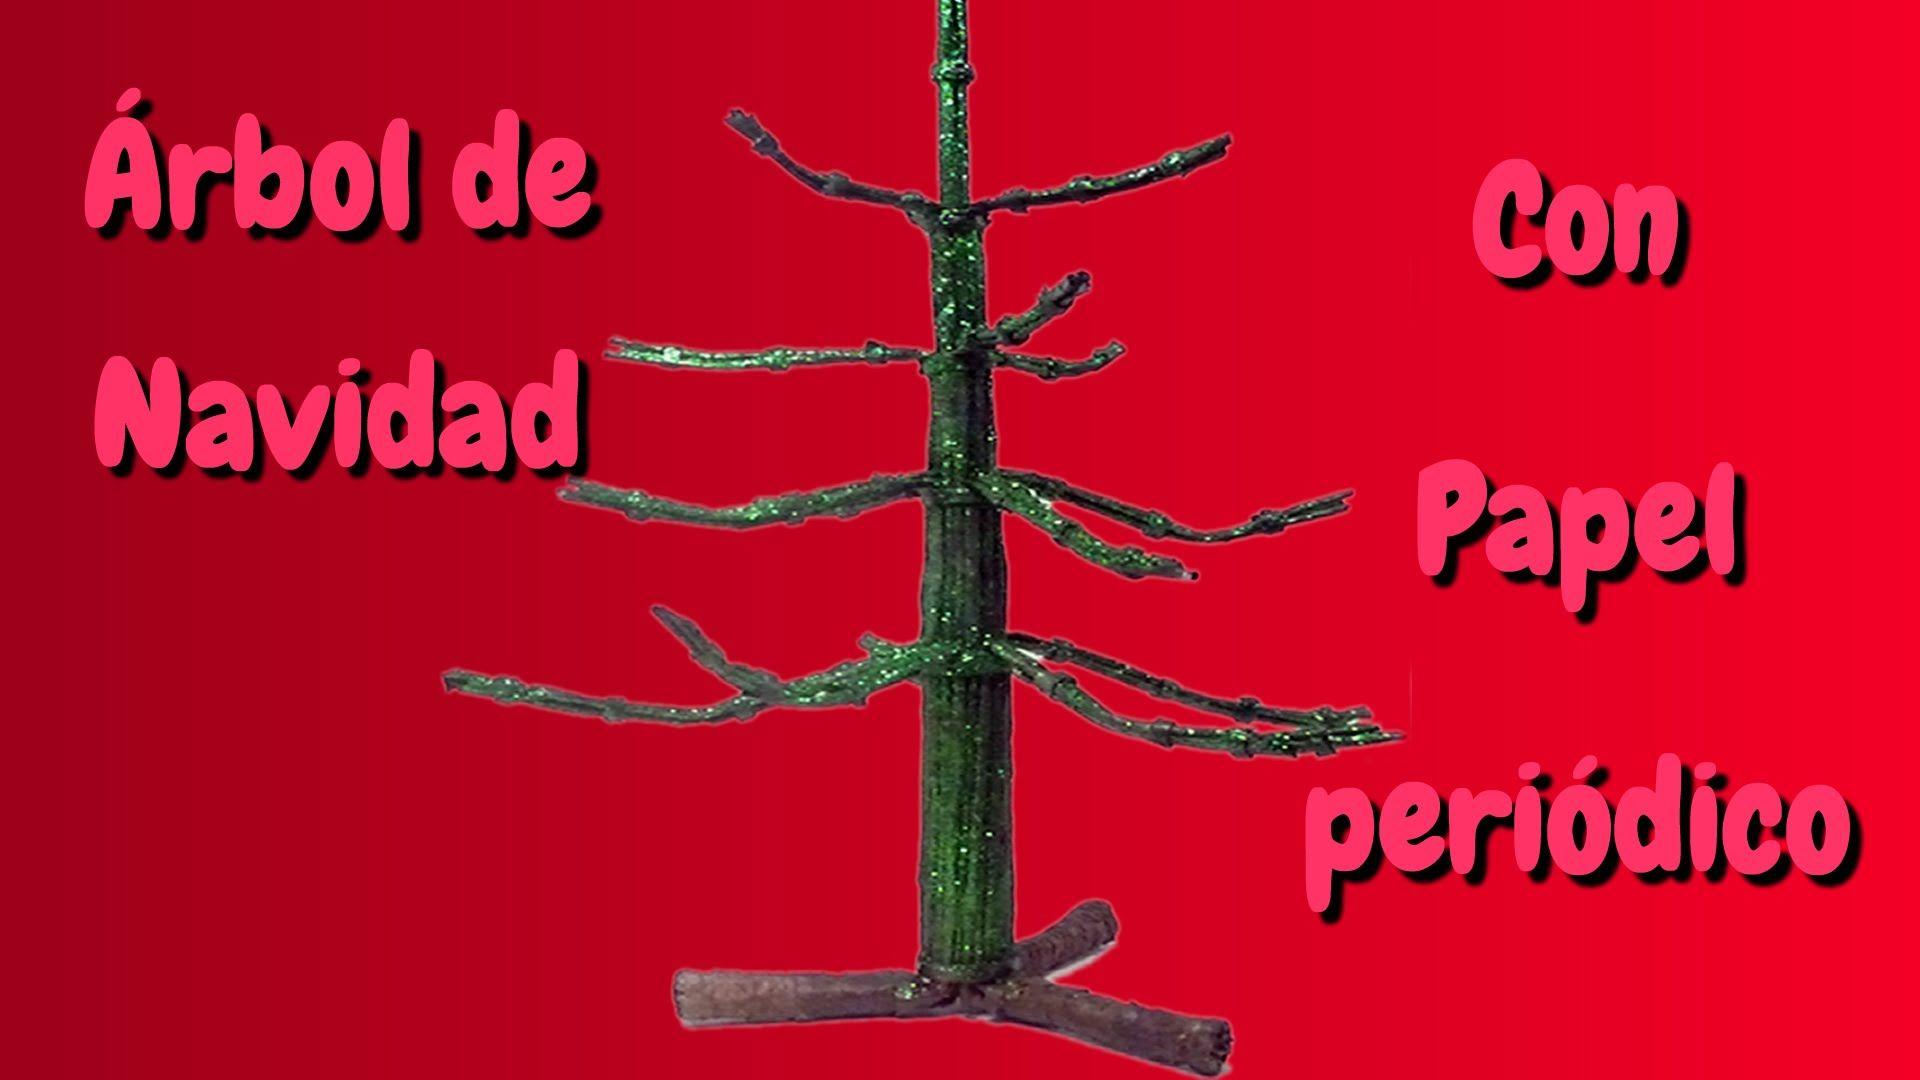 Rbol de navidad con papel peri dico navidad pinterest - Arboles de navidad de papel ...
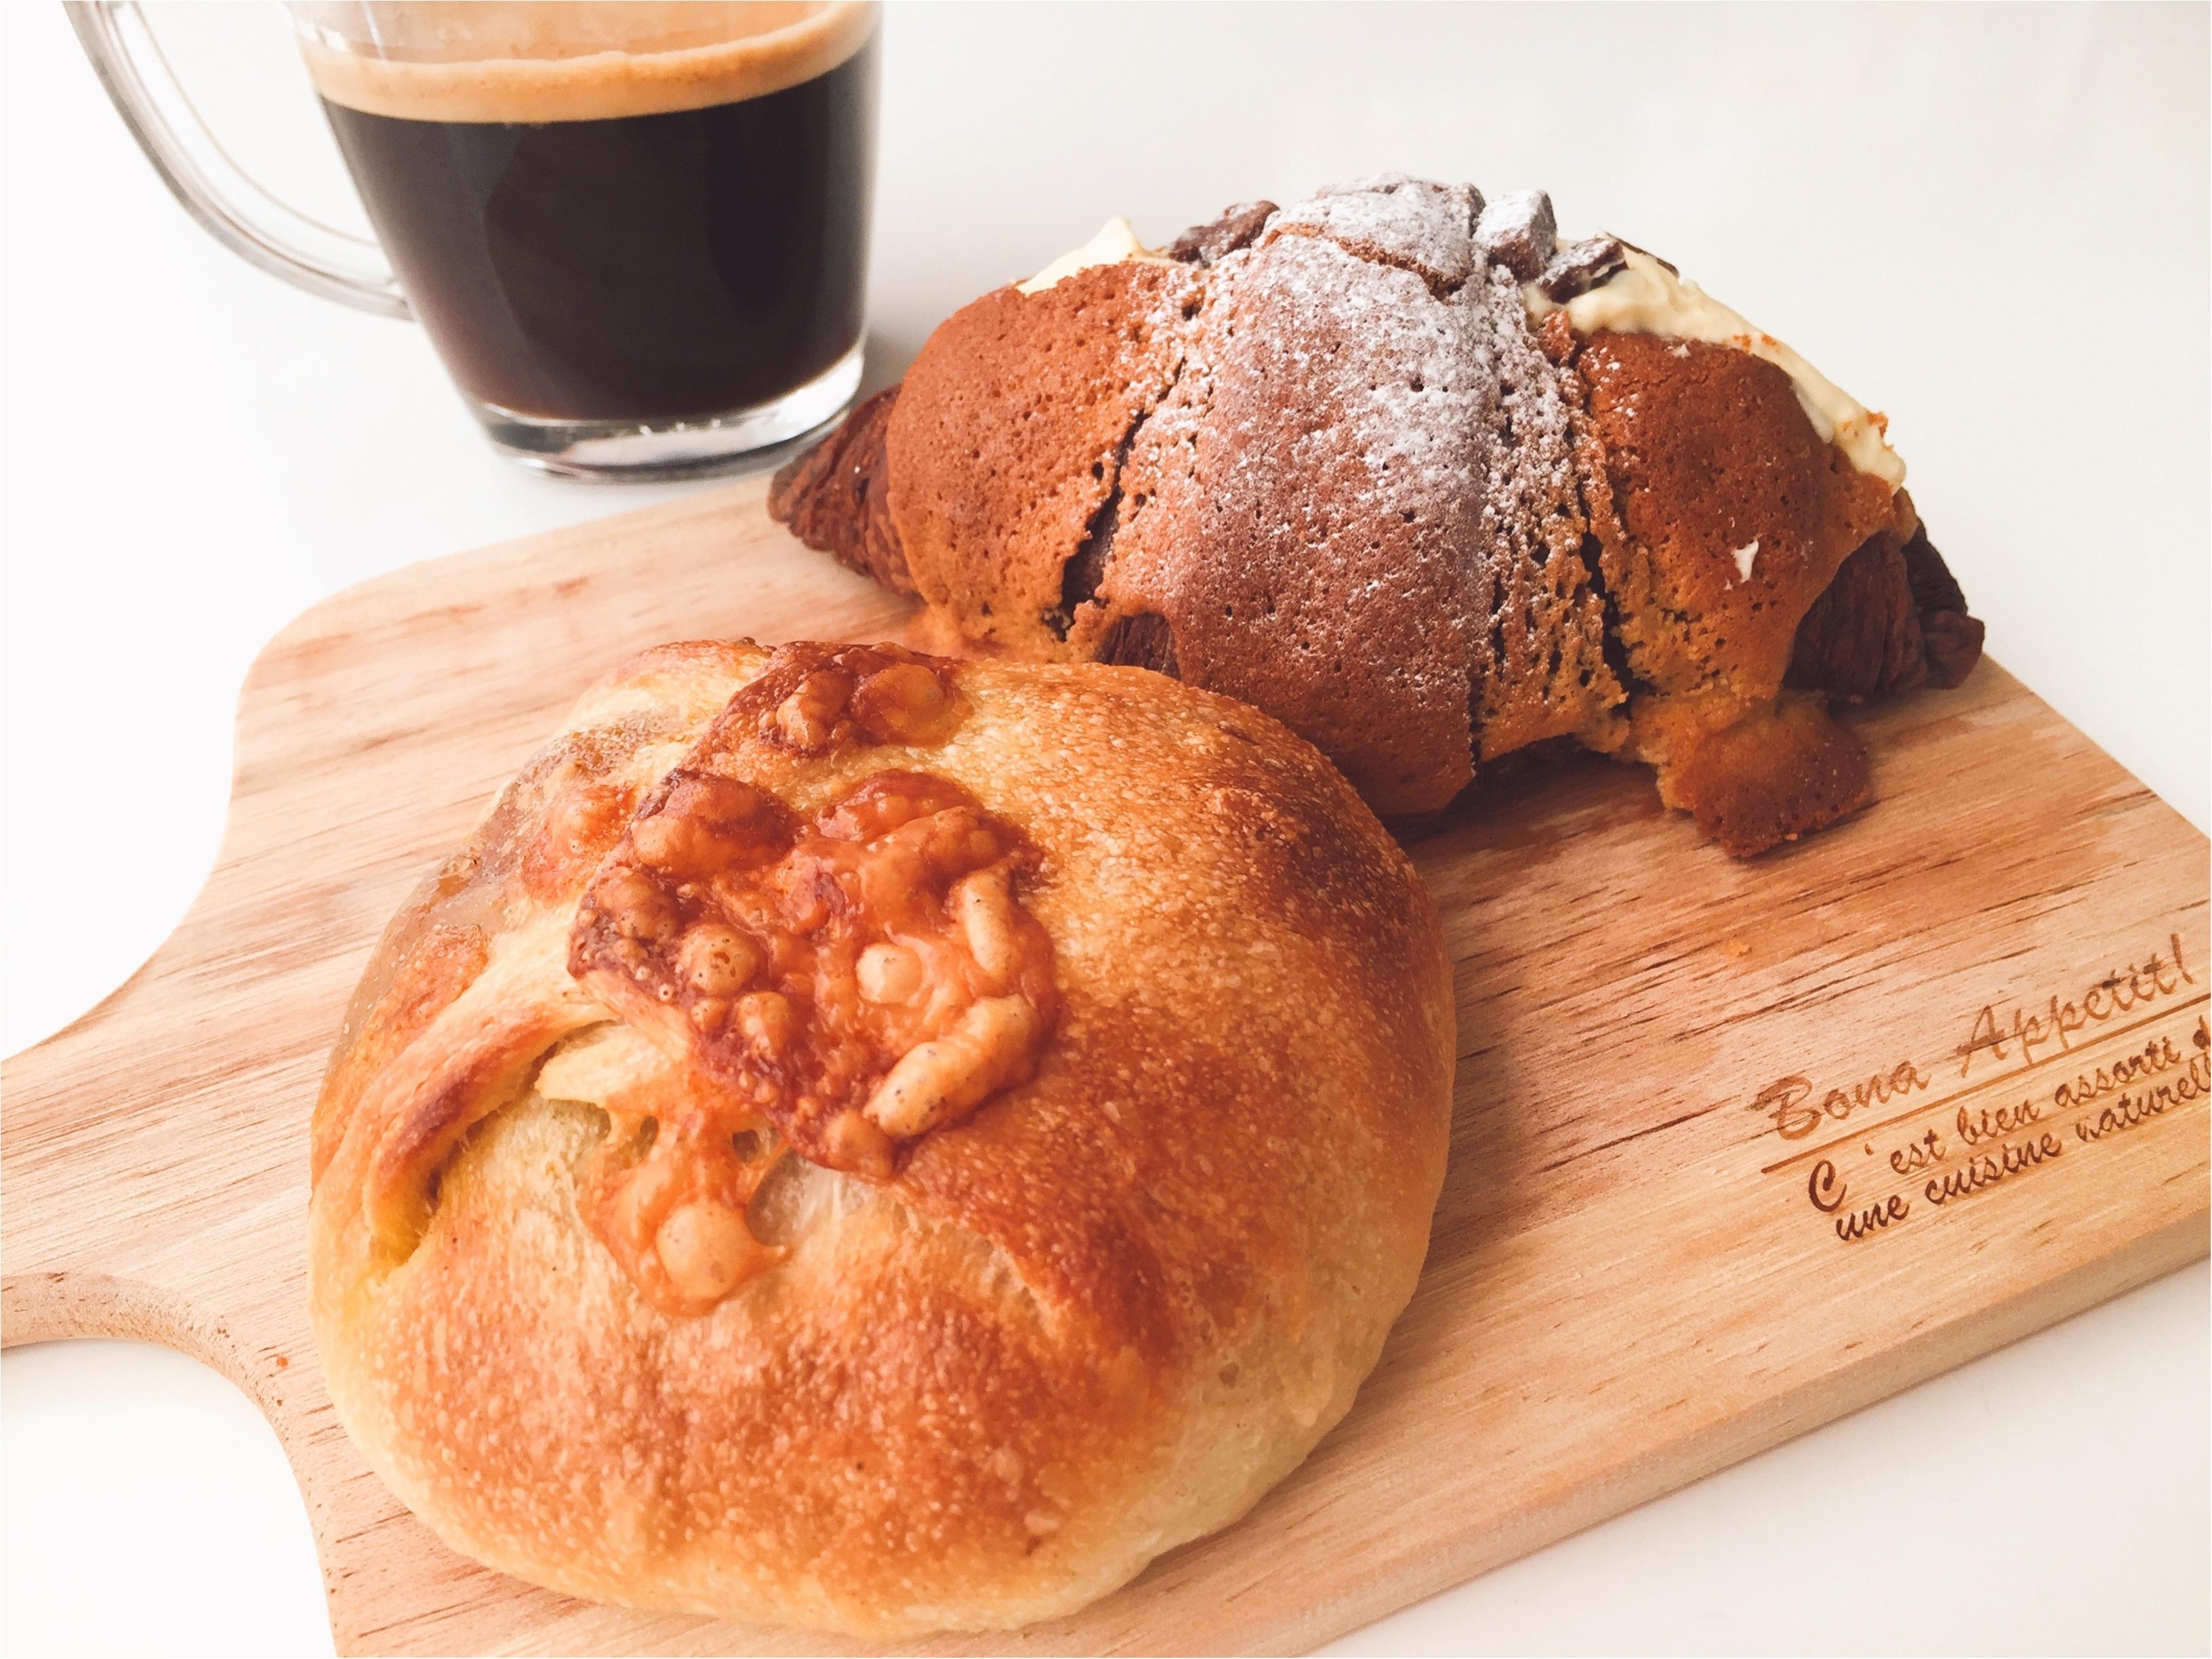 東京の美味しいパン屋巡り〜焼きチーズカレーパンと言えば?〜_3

##########

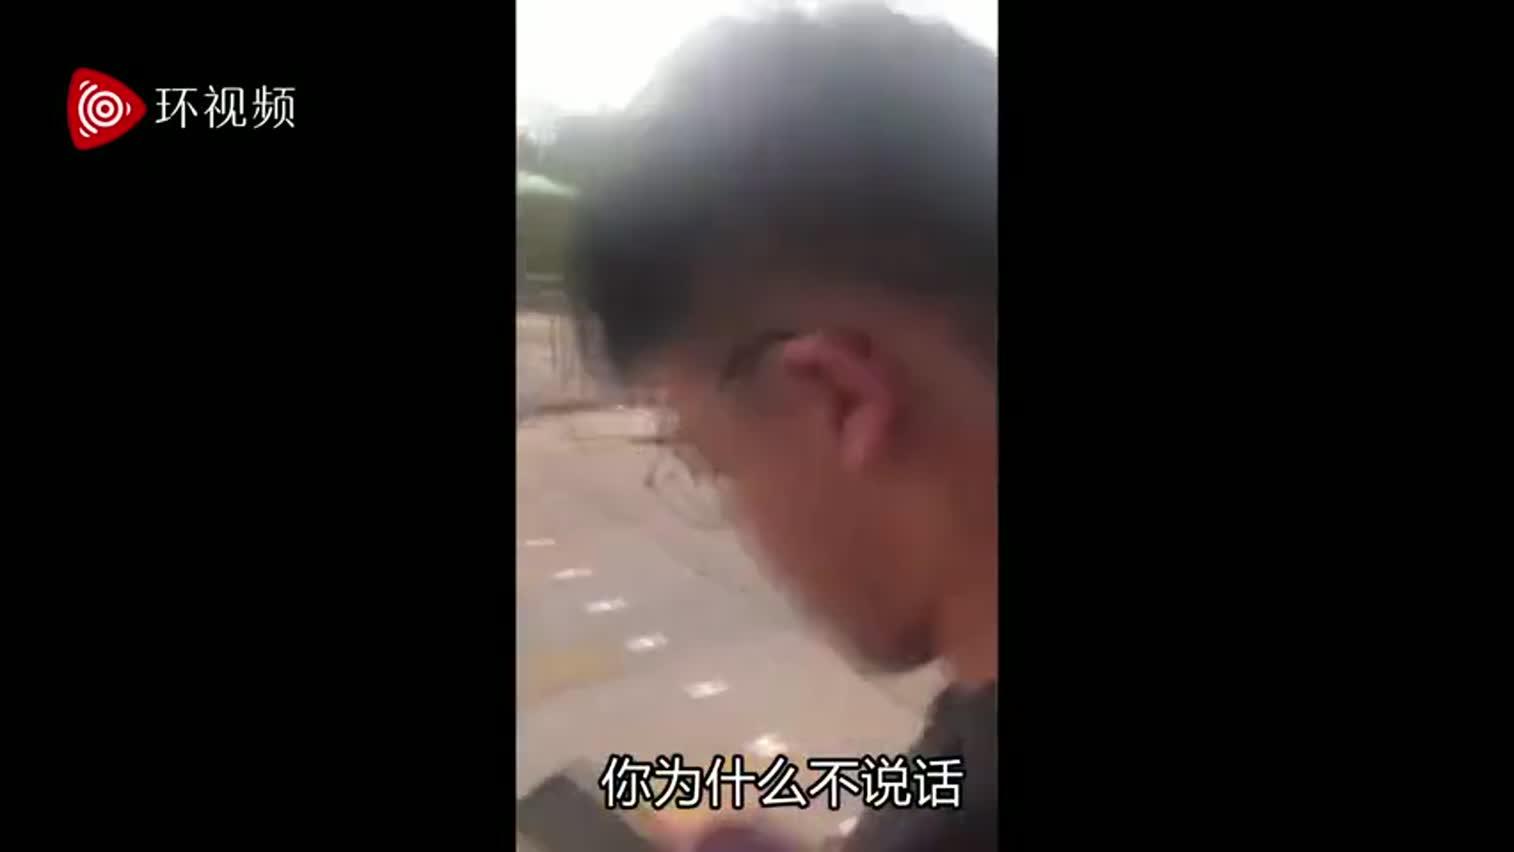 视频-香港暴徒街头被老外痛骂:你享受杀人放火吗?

##########

Look above for the line with "Rbol de navidad" and copy exactly from it through the line with "東京の美味しいパン屋巡り〜焼きチーズカレーパンと言えば?〜_3", both included. Omit the pictures.

 Rbol de navidad con papel peri dico navidad pinterest - Arboles de navidad de papel ...
 東京の美味しいパン屋巡り〜焼きチーズカレーパンと言えば?〜_3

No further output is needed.